== TASK STATEMENT ==
Each line below must be transcribed exactly, and no picture may appear in the transcription.

== DATASET EXCERPT ==
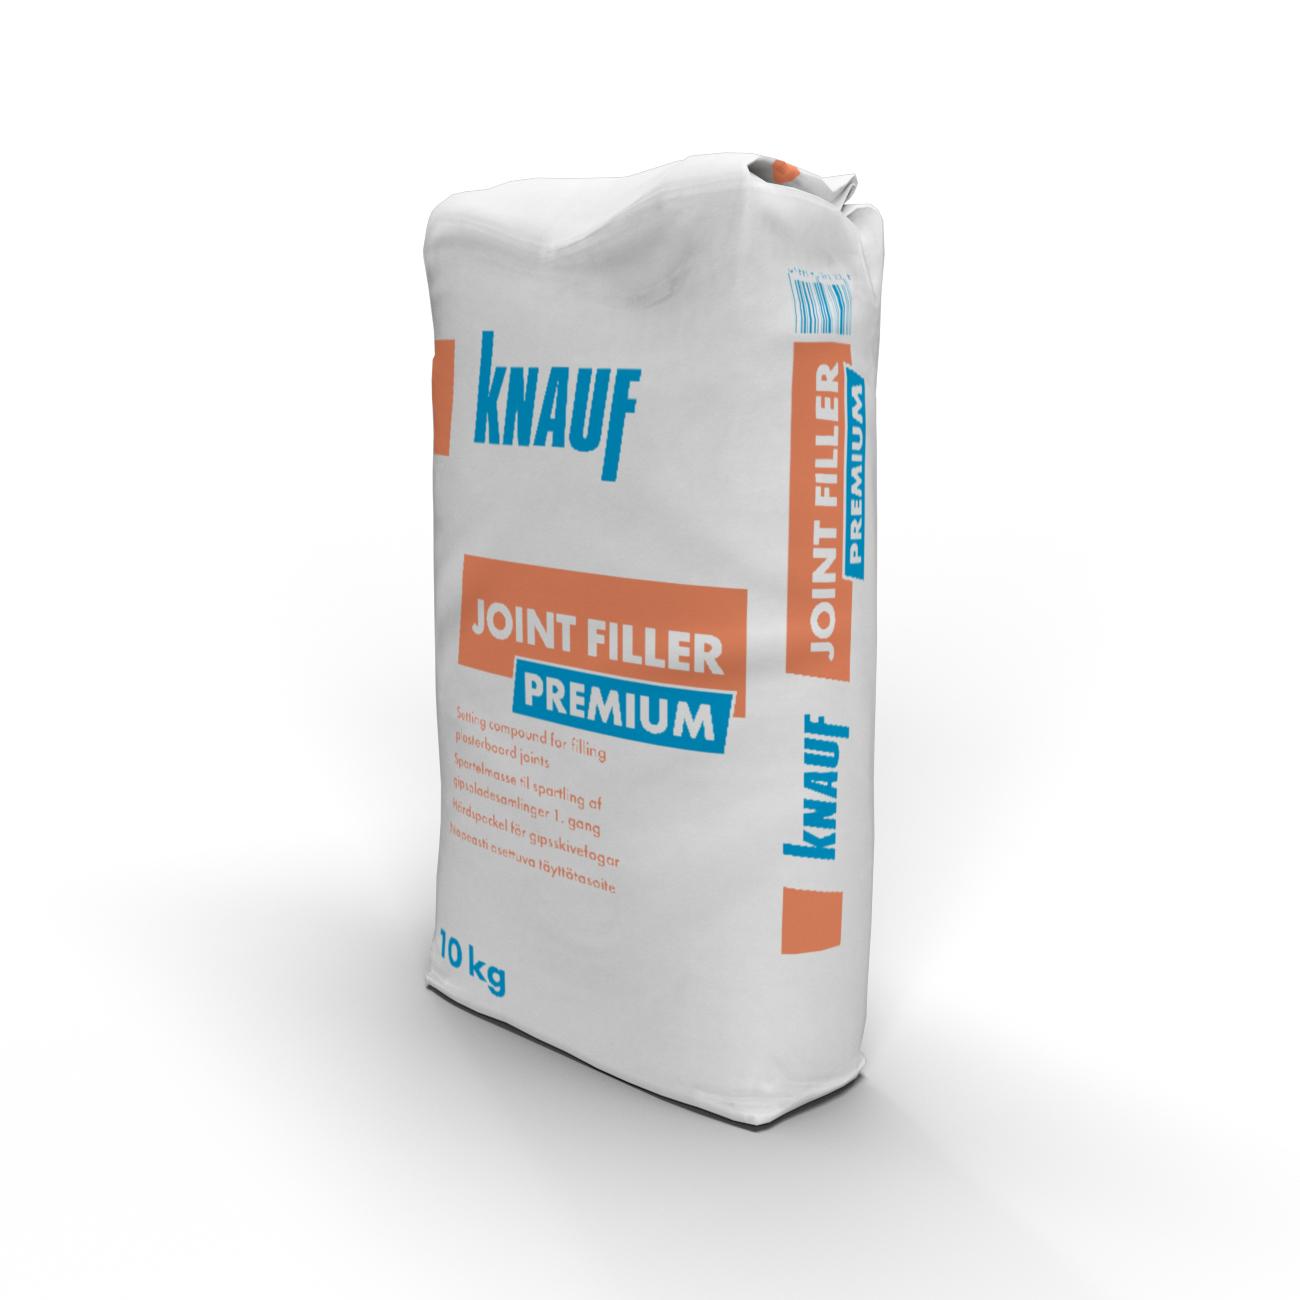 Joint Filler Premium
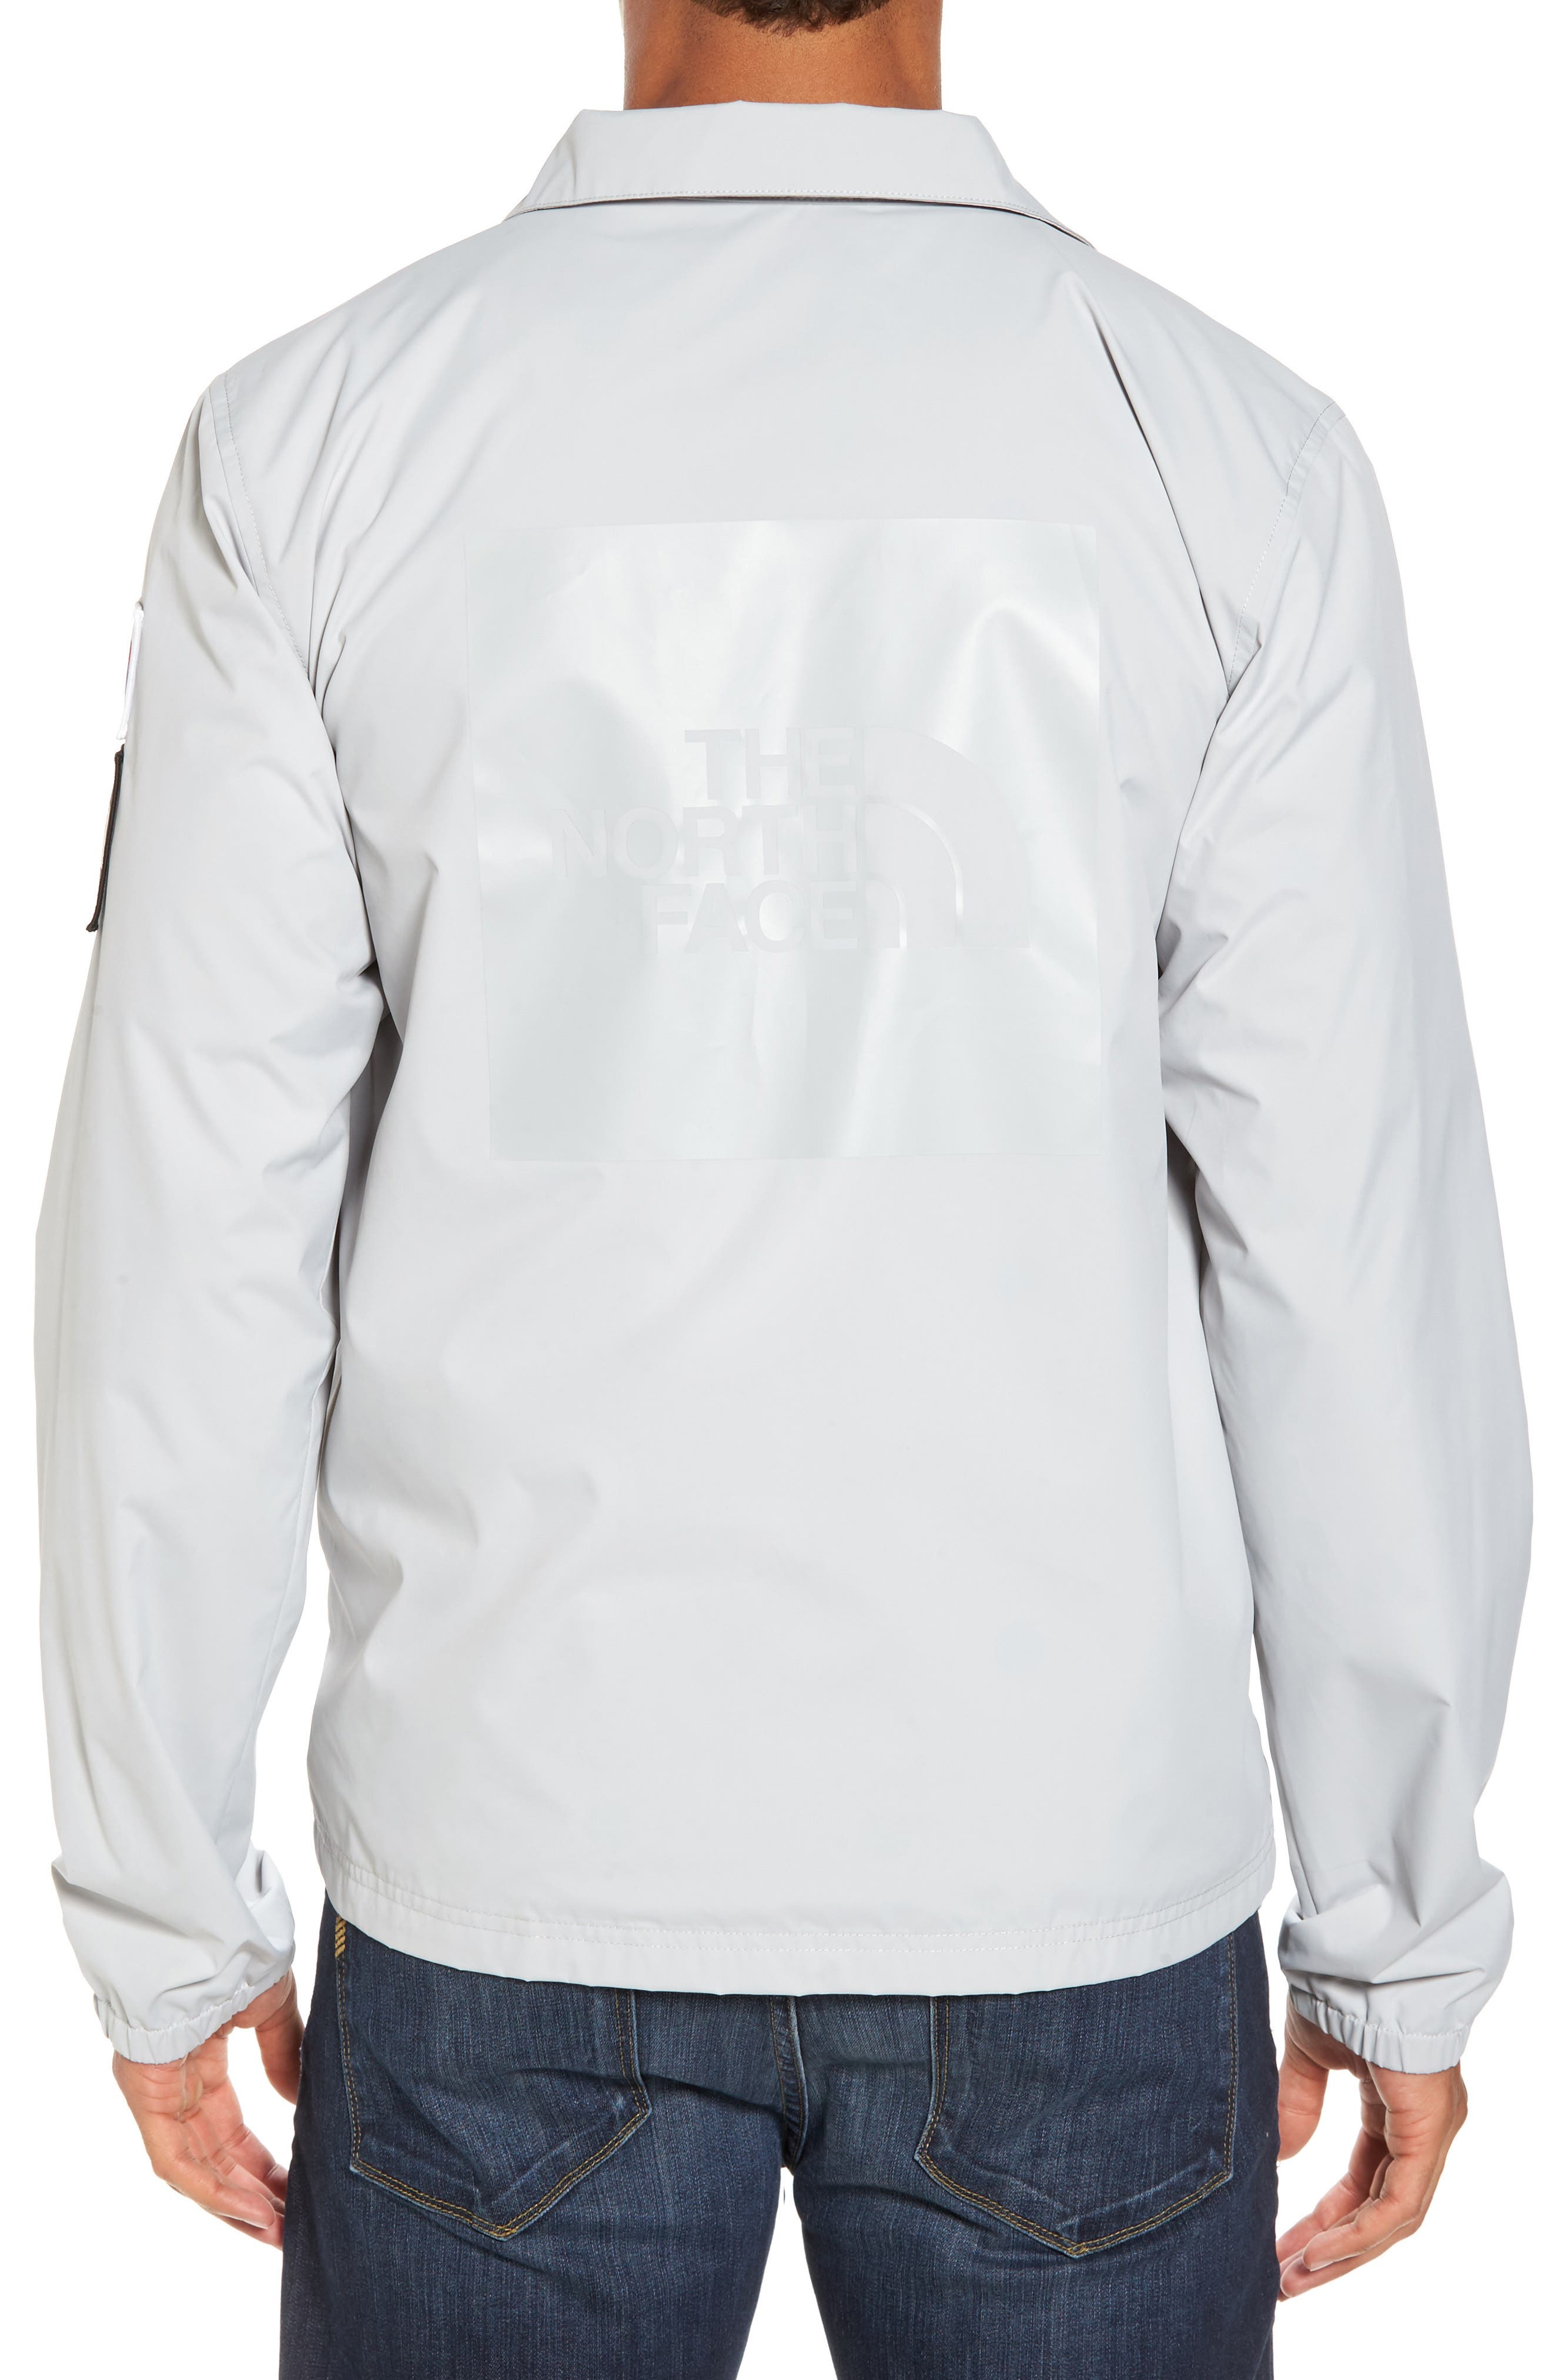 International Collection Coach Jacket,                             Alternate thumbnail 5, color,
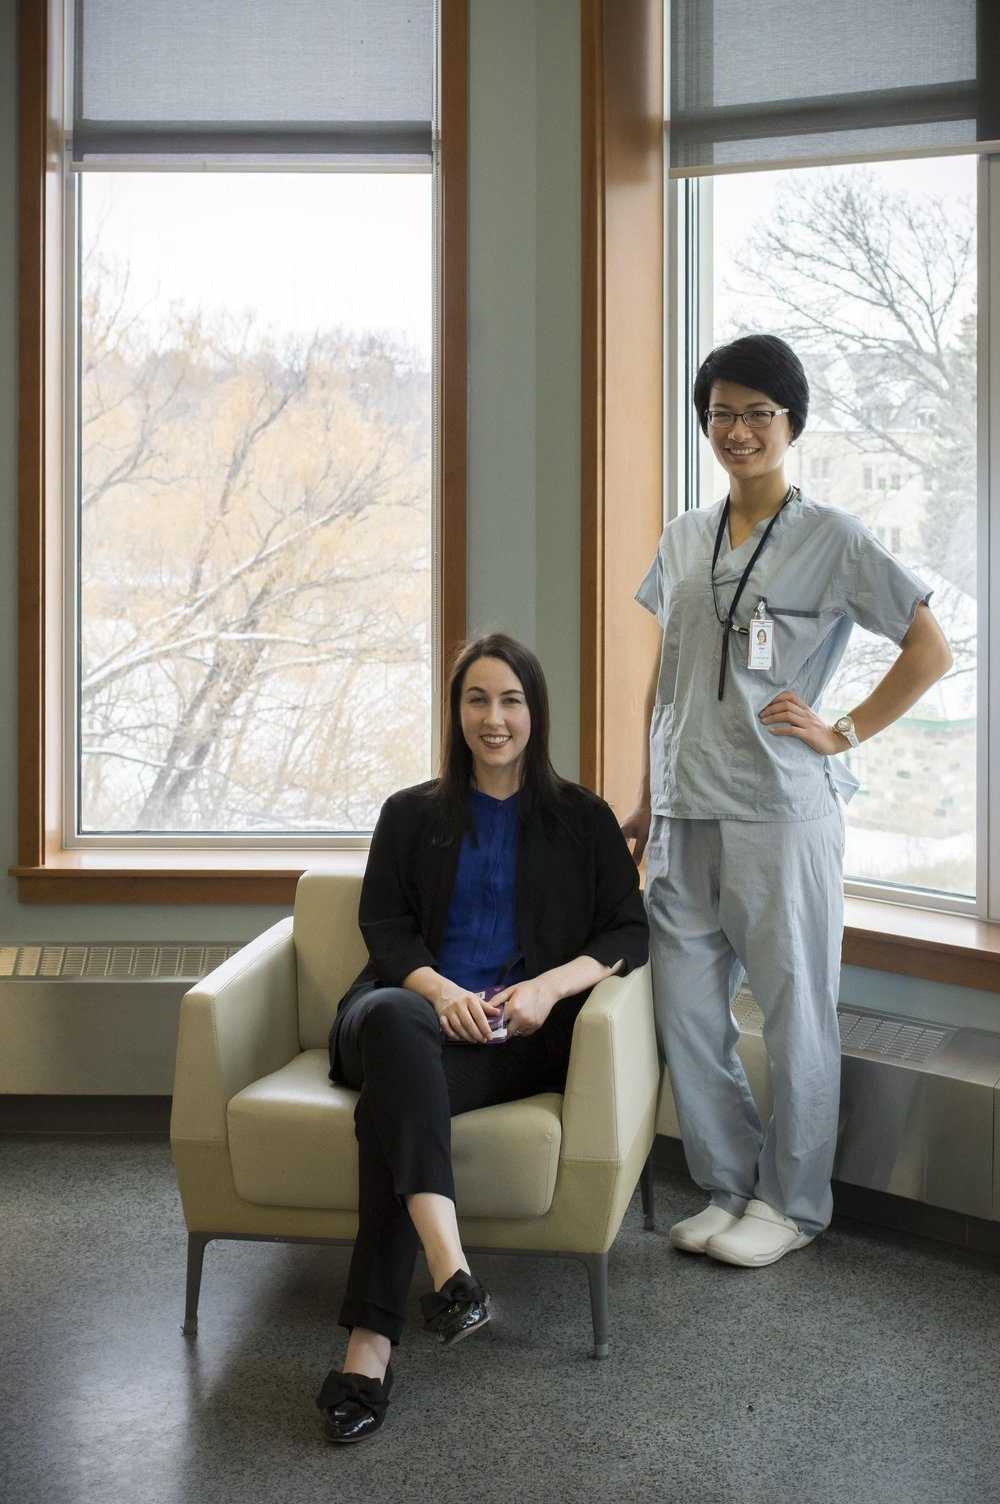 Dean's Project Students, Cheyenne Lawton and Bonnie Liu
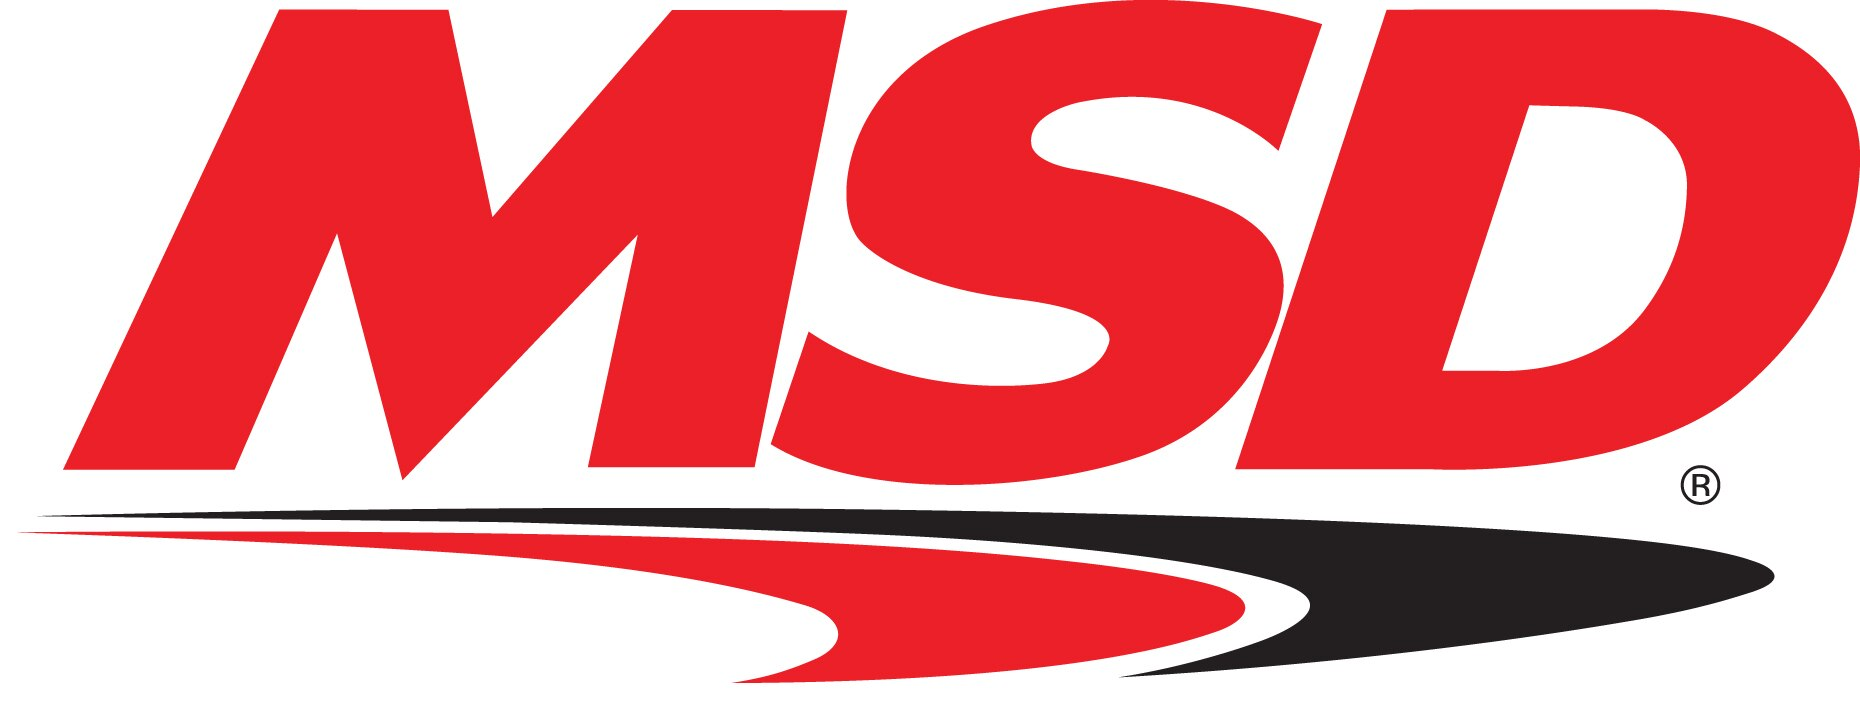 MSD 8352 Distributors

== SOLVED EXERCISE ==
 Joint Filler Premium
 International Collection Coach Jacket,                             Alternate thumbnail 5, color,
 Dean's Project Students, Cheyenne Lawton and Bonnie Liu
 MSD 8352 Distributors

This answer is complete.